# getText()- Wirkung?



## Kovanlik07 (20. Feb 2016)

Schönen Abend Zusammen!

Kann mir jemand hier behilflich sein? 

static void lesen (Bildschirm par1){
     //par1.bereich.setText ("ich will lesen");
     String meineZeile;
     String datei;
     FileReader meinLeseStream;
     BufferedReader meinBuffer;
     datei = par1.text4.getText();

Was stellt dieses getText() da? Also die Wirkung von getText??
get liefert ja ein Wert zurück, aber konkret in diesem Zusammenhang verstehe ich nicht die genaue Wirkung


----------



## kneitzel (20. Feb 2016)

par1 ist eine Variable. Dies scheint eine Klasse zu sein, die eine Instanzvariable text4 hat. Dieses text4 ist eine Instanz von einer Klasse, die eine Funktion getText() bereitstellt. Wenn Du wissen willst, was die Funktion macht, dann such raus, von welchem Typ text4 ist und lies dann die Dokumentation.

Und wie immer der Hinweis: Beim entwickeln bitte immer ordentliche Variablennamen nehmen. text4 ist ein anbsolut nichtssagender Name. par1 ist ein nichtssagender Name. datei ist irreführend, da es keine Datei (File) ist, sondern ein String (Also eher ein dateiName).


----------



## Kovanlik07 (21. Feb 2016)

datei ist vom Typ String 
text4 ist vom Typ Textfield

Aber die Wirkung von getText() ist immernoch unklar....


----------



## kneitzel (21. Feb 2016)

Dann schauen wir und doch einfach einmal die Dokumentation von TextField an:
https://docs.oracle.com/javase/7/docs/api/java/awt/TextField.html

Und da sehen wir dann: getText kommt aus TextComponent und die Dokumentation findet sich unter
https://docs.oracle.com/javase/7/docs/api/java/awt/TextComponent.html#getText()
"Returns the text that is presented by this text component. By default, this is an empty string."

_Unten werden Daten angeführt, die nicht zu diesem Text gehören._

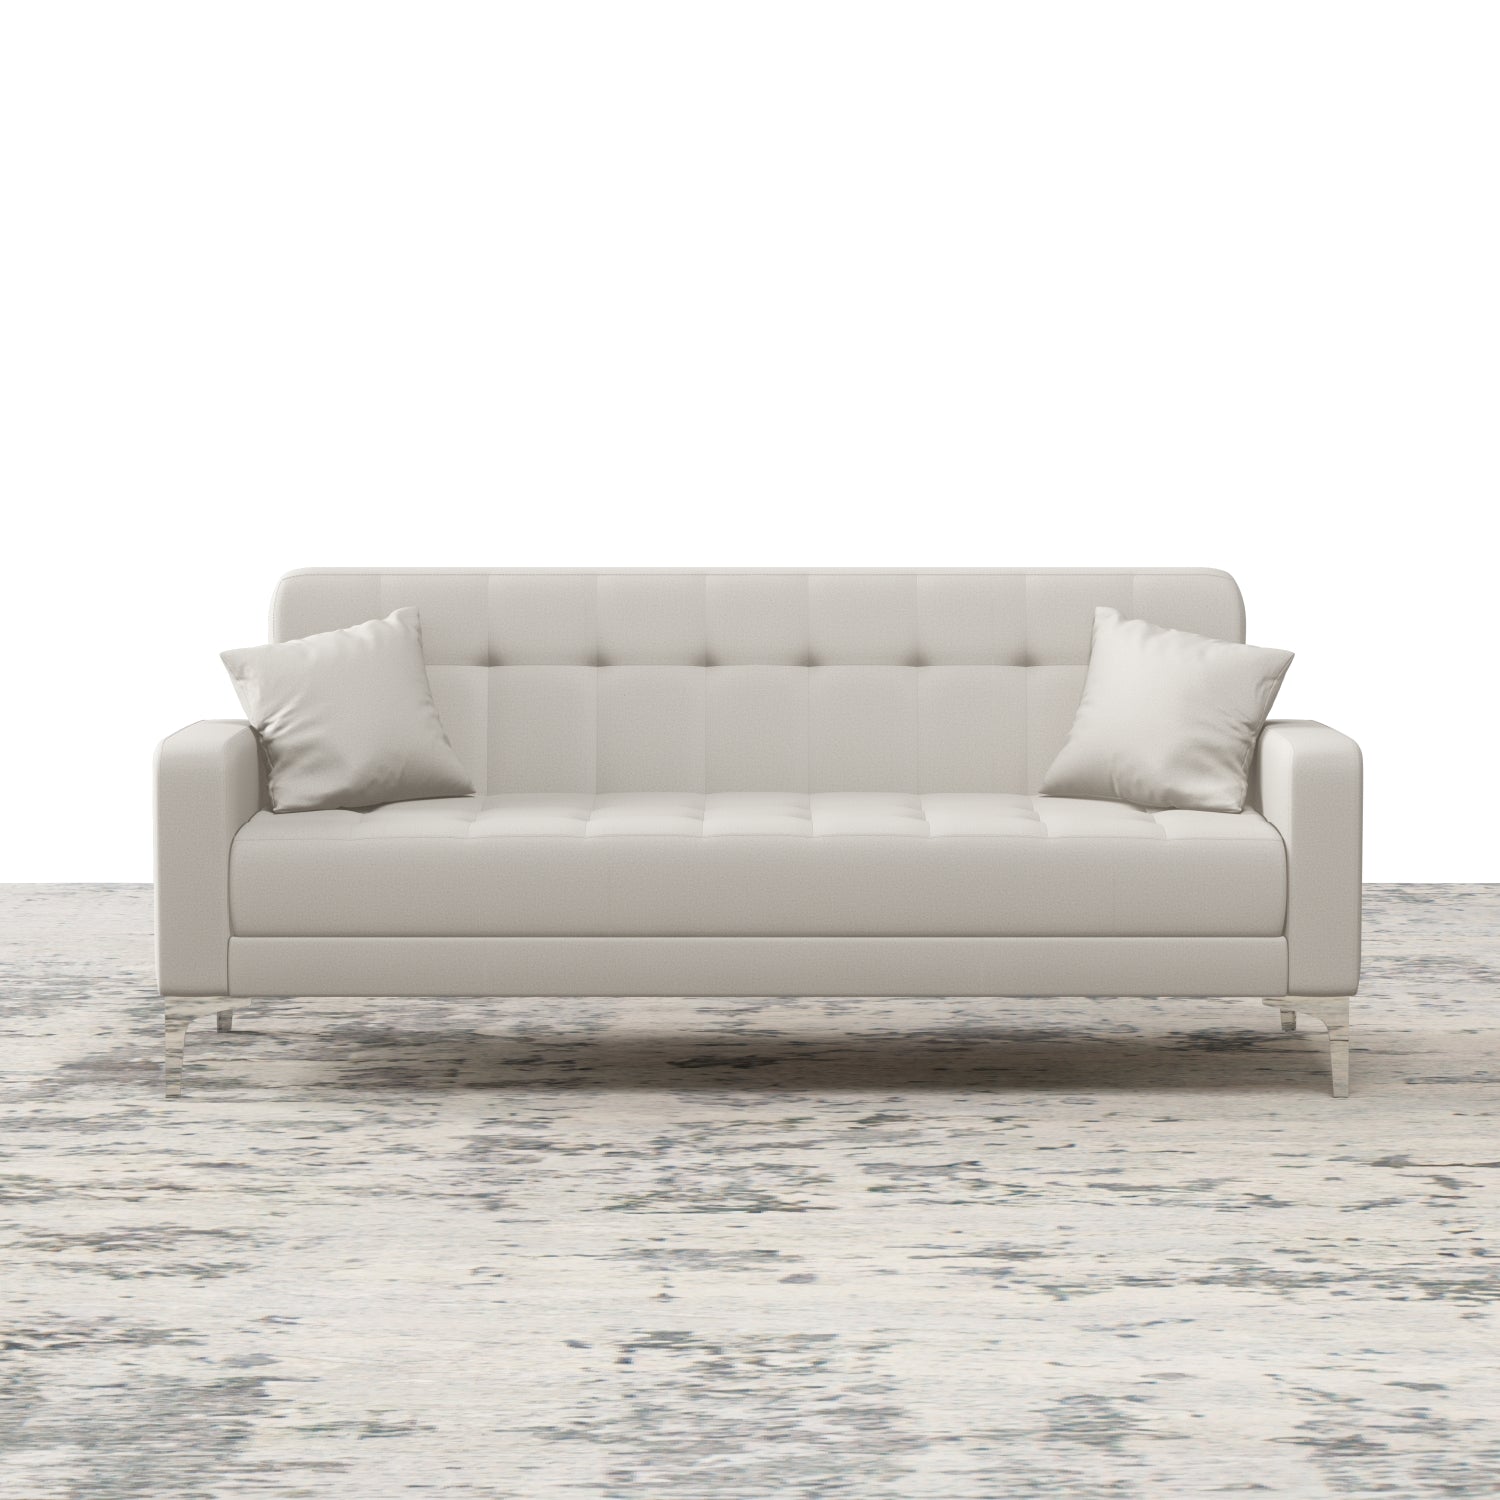 ViscoLogic Bella Forward Fashion Mid-Century Tufted Style Fabric Upholstered Modern Living Room Sofa (Beige)

Also wissen wir nun, dass dies den Text aus der Komponente zurück gibt. Und der Standardwert ist der leere String.

Edit: Die Seiten mit der Doku bekomme ich immer einfach per Google: "Java class <Name der Klasse>" und dann nehme ich den Link mit der Dokumentation bei Oracle.


----------



## Kovanlik07 (21. Feb 2016)

Ja das steht auch so eins zu eins in Eclipse.
Das Problem ist nur, ich kann die Aussage: gibt den Text aus der Komponenten zurück nicht auf die Anwendung übertragen: datei = par1.text4.getText();

Wie würde ich das hier ausdrücken?

getText() gibt den Text aus dem Textfeld text4 zurück?


----------



## kneitzel (21. Feb 2016)

Ja, der Text aus dem Textfeld text4 wird ausgelesen und in der Variablen datei gespeichert.


----------



## Kovanlik07 (21. Feb 2016)

Ich danke dir


----------